In July 2019, Lee signed a bill into law that requires school districts to establish threat assessment teams to address potential threats to school safety.

Lee declared October 10, 2019, a voluntary day of prayer and fasting.

In January 2020, Lee proposed a bill to ban abortion as early as six weeks into pregnancy.

In February 2020, Lee signed a bill making Tennessee's official nickname the "Volunteer State". The name originated during the War of 1812, when Tennessee sent 1,500 volunteer soldiers. In February, Lee also proposed a $117 million investment to increase teacher salaries and a $250 million endowment to address mental health in K-12 education.
In 2021, Lee appointed John DeBerry as his senior advisor.

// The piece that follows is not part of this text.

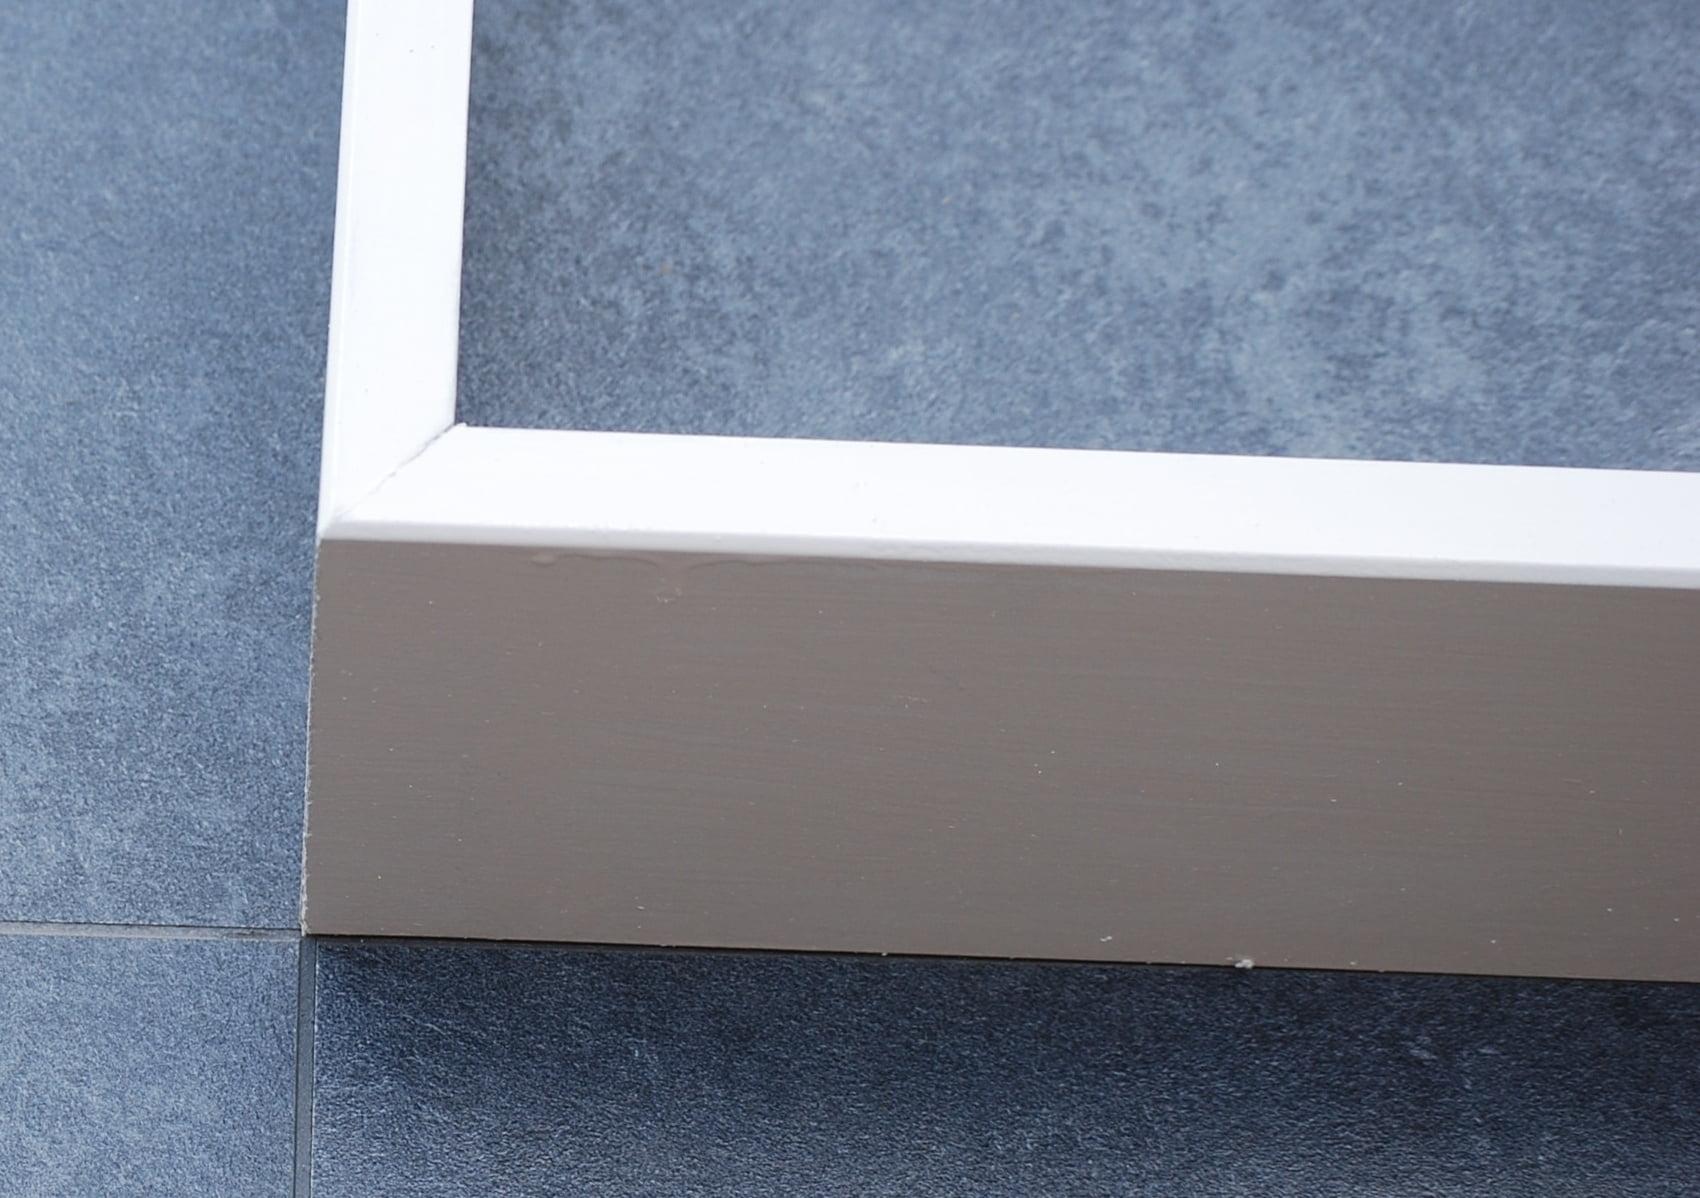 Mdf moderne plint wit gegrond all in laminaat

DeBerry was a Democratic member of the state house whom the Tennessee Democratic Party removed from the 2020 primary ballot.

==== Second term ====
In March 2024, Lee signed the ELVIS Act, which is designed to protect musicians from unauthorized use of their voices by artificial intelligence technologies and against audio deepfakes and voice cloning. It was noted to be the first such enacted legislation in the nation.

In 2022, Lee signed a bill into law that prohibits localities in Tennessee from using ranked-choice voting.

In 2025, Lee proposed the Education Freedom Scholarship Act, which provides roughly 20,000 scholarships worth $7,500 to be used for private school tuition, at a total cost of $447 million. The general assembly narrowly passed the program, despite opposition from Democrats and Republicans from predominantly rural districts, and it went into effect in the 2025-26 school year. In 2026, Lee and the legislature expanded the program to include 35,000 students.

=== Disaster and emergency response ===
==== COVID-19 pandemic ====

On March 12, 2020, in response to the growing number of COVID-19 cases, Lee issued an executive order declaring a temporary state of emergency in Tennessee to "facilitate the treatment and containment of COVID-19." He extended the "stay-at-home" mandate through April 2020. Lee issued further orders for a "limited continuing state of emergency" through 2020 and 2021 to facilitate the state's eligibility for federal economic aid, and allowed the Tennessee National Guard and Tennessee State Guard to continue to assist with COVID-19 response efforts.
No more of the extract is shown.